• DATA PROVIDED:

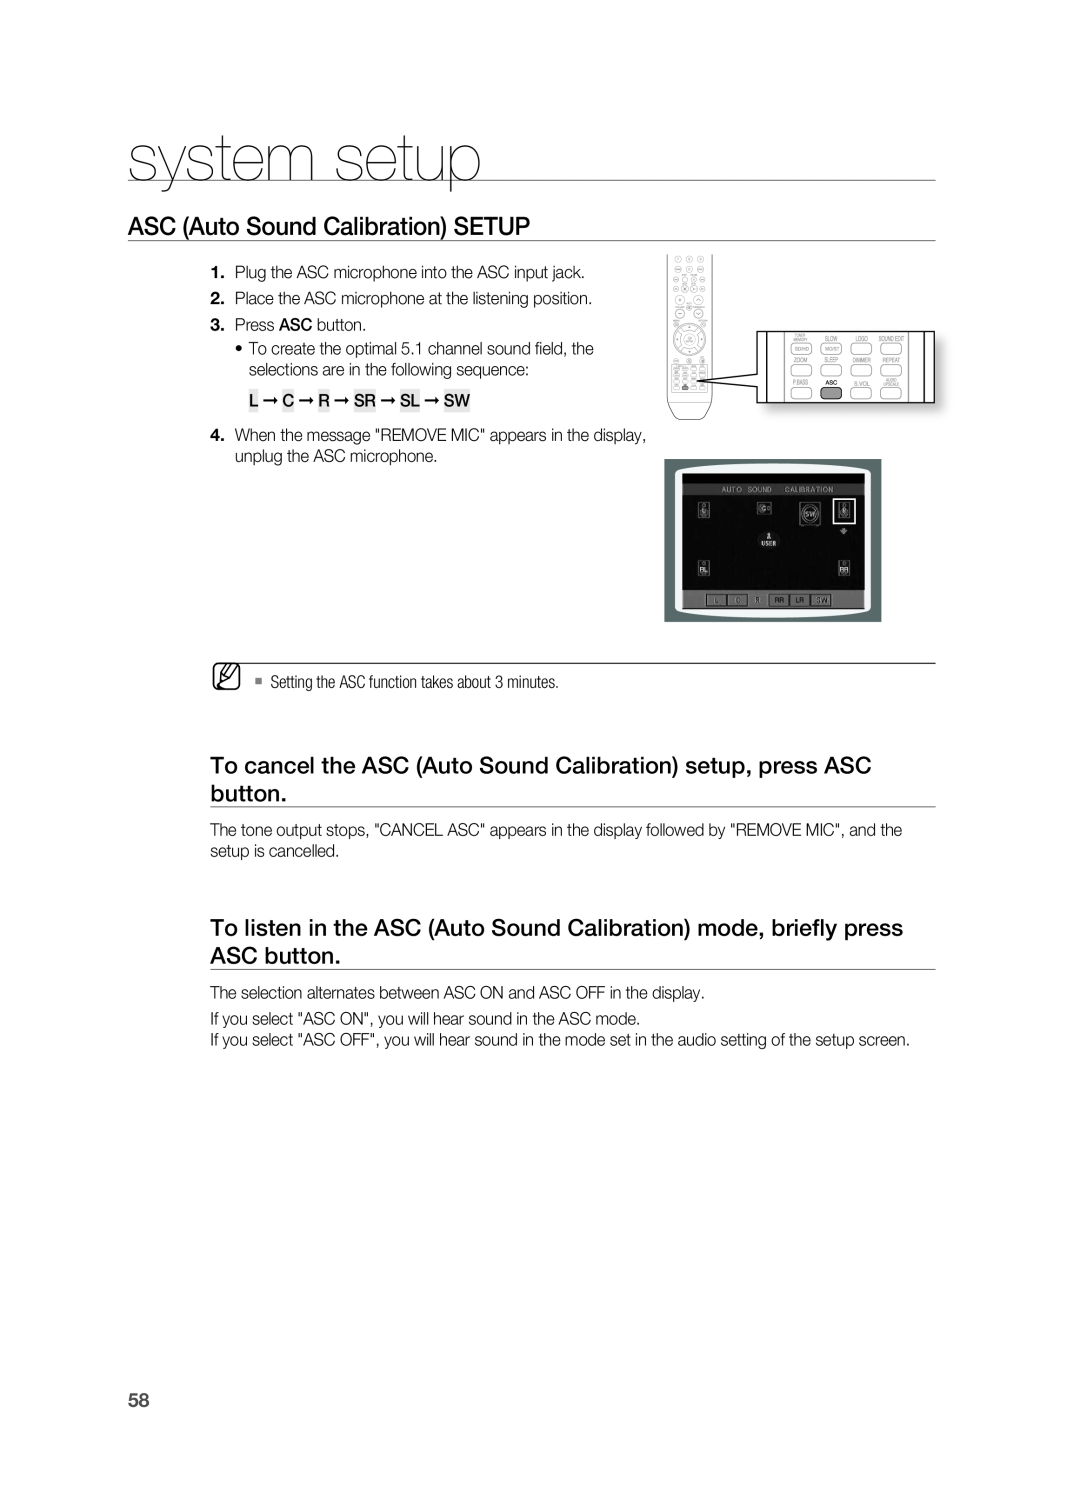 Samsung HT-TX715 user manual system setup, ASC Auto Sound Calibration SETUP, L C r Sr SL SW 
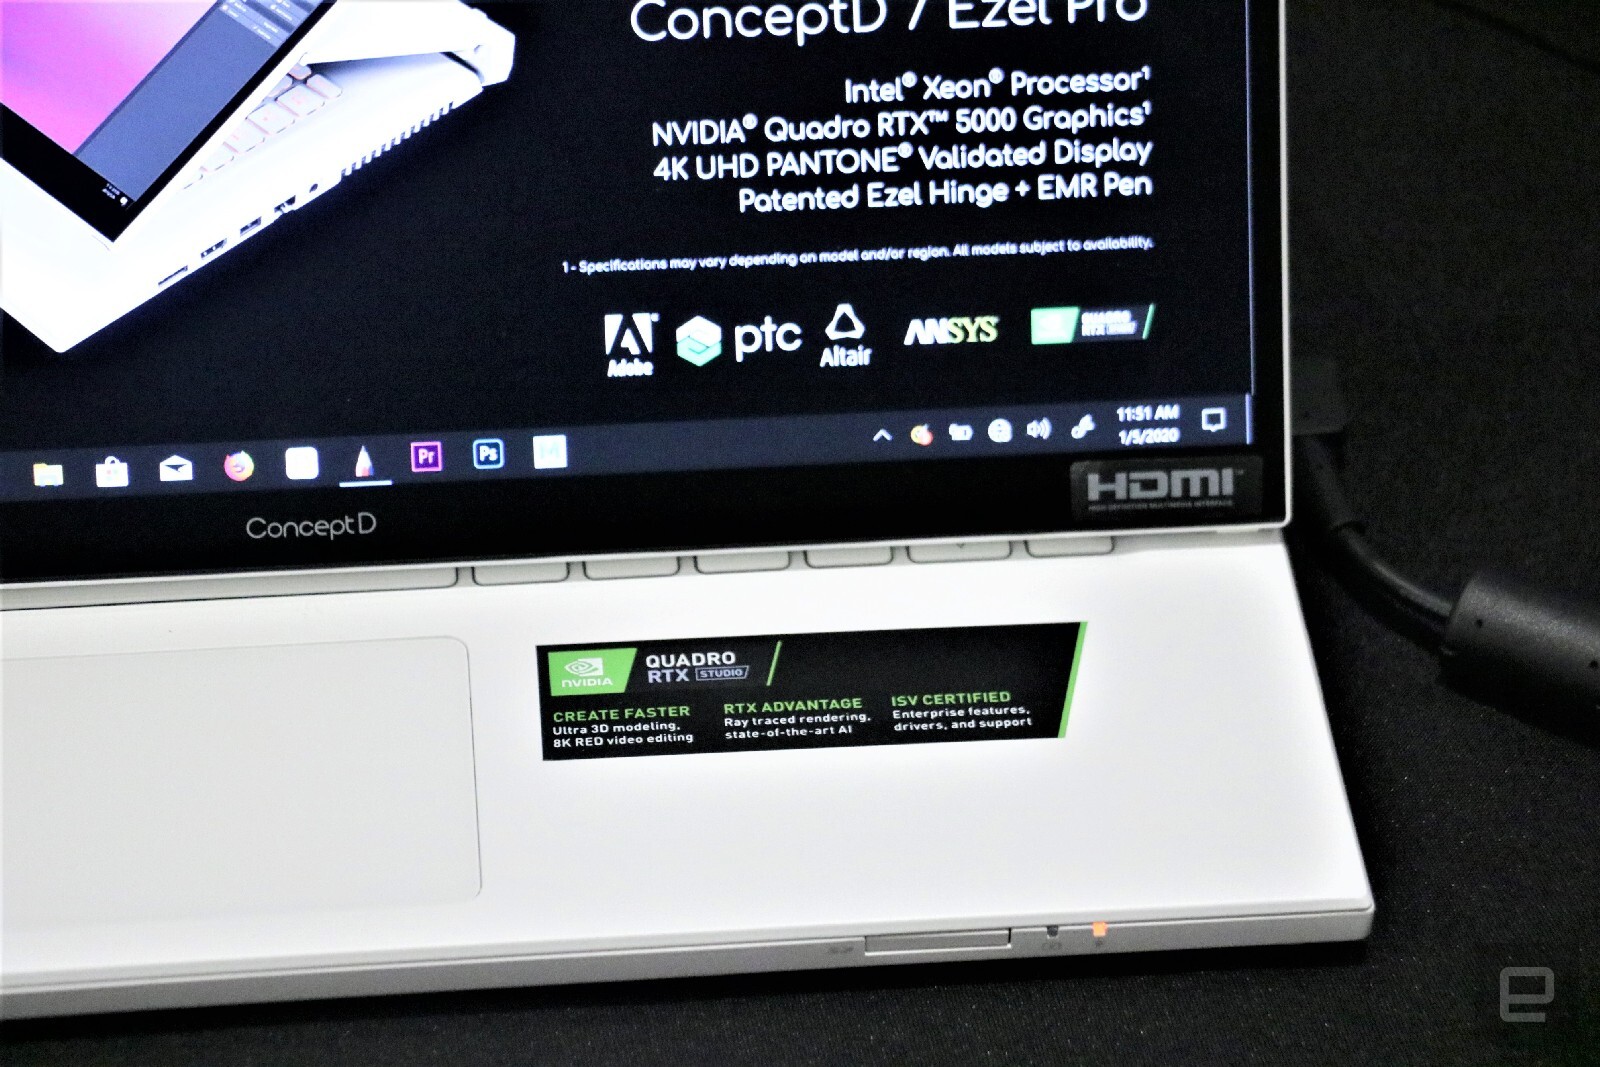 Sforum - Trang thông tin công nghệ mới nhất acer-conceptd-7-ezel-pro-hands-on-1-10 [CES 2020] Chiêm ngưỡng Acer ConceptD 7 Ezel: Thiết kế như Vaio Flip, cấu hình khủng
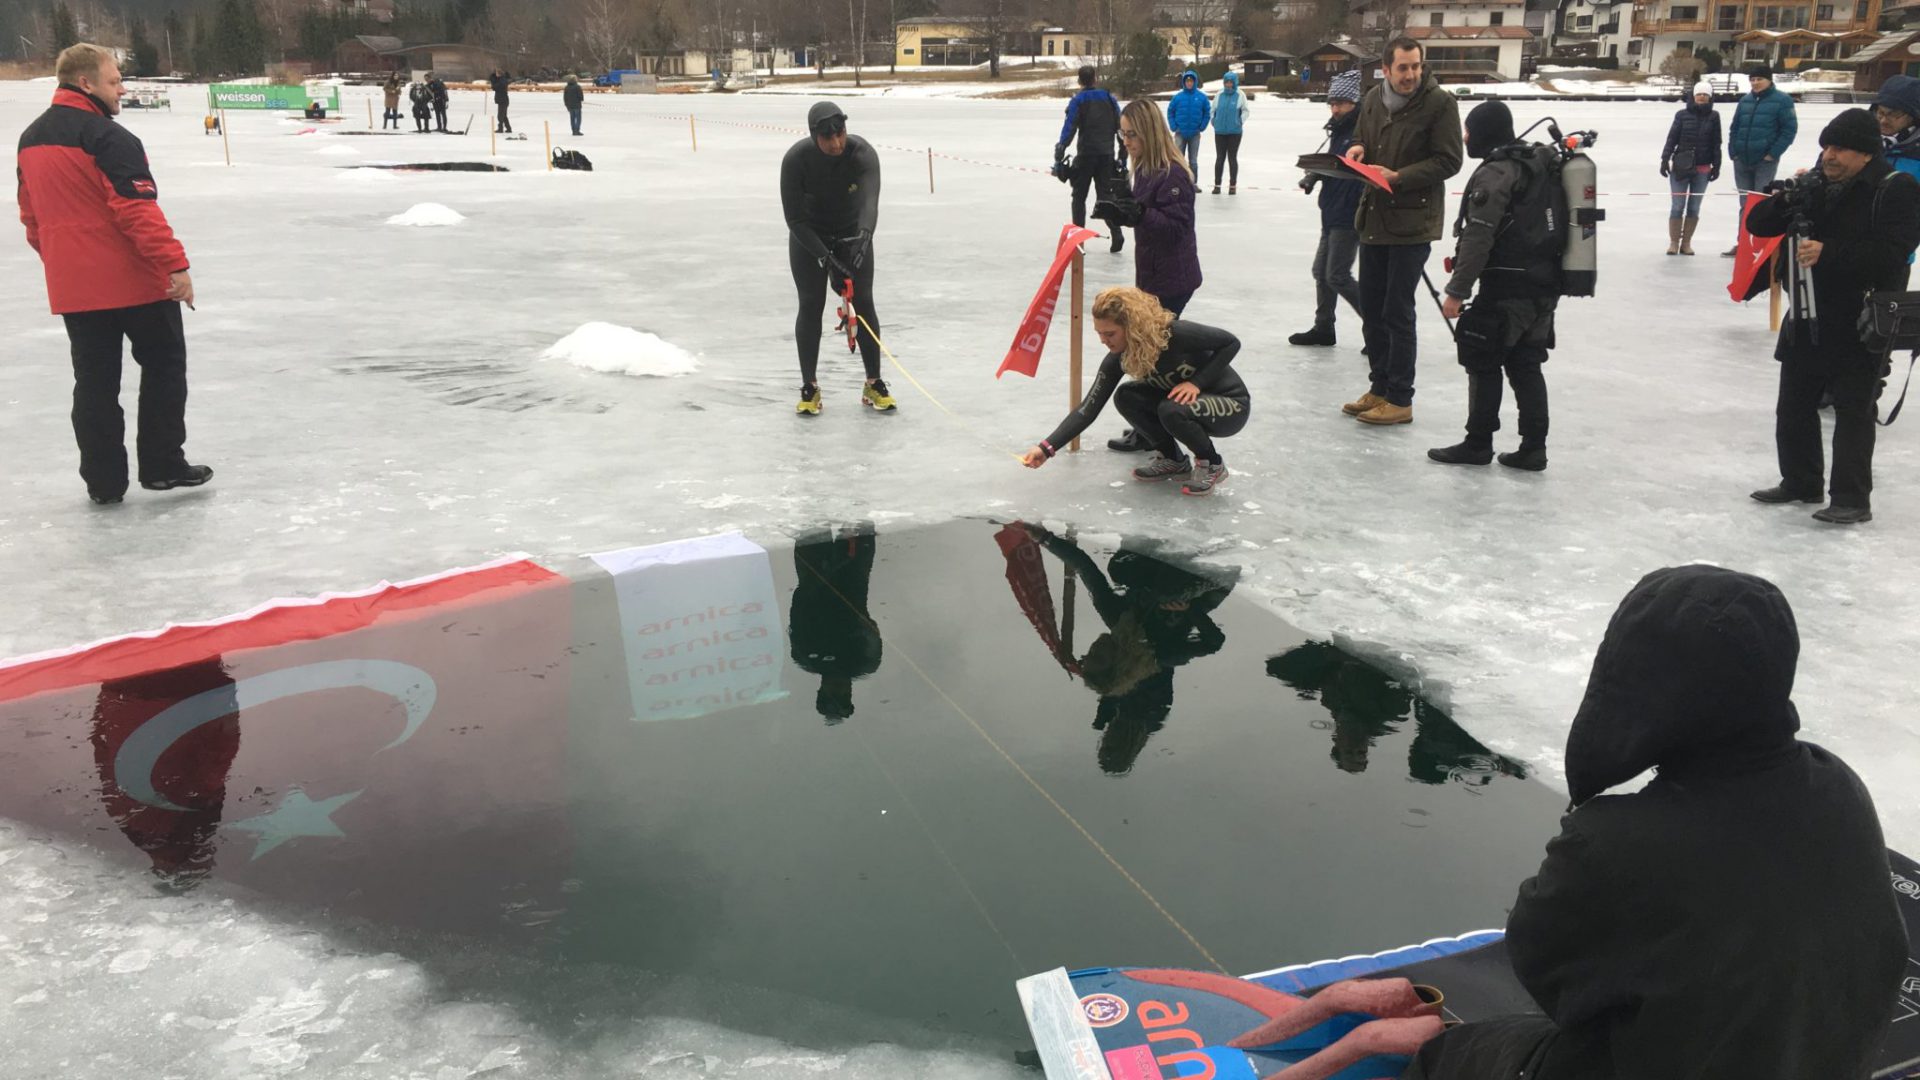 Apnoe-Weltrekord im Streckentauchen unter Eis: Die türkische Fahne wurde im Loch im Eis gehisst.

• TASK DIRECTIONS:
Leave the pictures out and return the rest of the listing exactly.

• ANSWER BOX:
 Samsung HT-TX715 user manual system setup, ASC Auto Sound Calibration SETUP, L C r Sr SL SW 
 Sforum - Trang thông tin công nghệ mới nhất acer-conceptd-7-ezel-pro-hands-on-1-10 [CES 2020] Chiêm ngưỡng Acer ConceptD 7 Ezel: Thiết kế như Vaio Flip, cấu hình khủng
 Apnoe-Weltrekord im Streckentauchen unter Eis: Die türkische Fahne wurde im Loch im Eis gehisst.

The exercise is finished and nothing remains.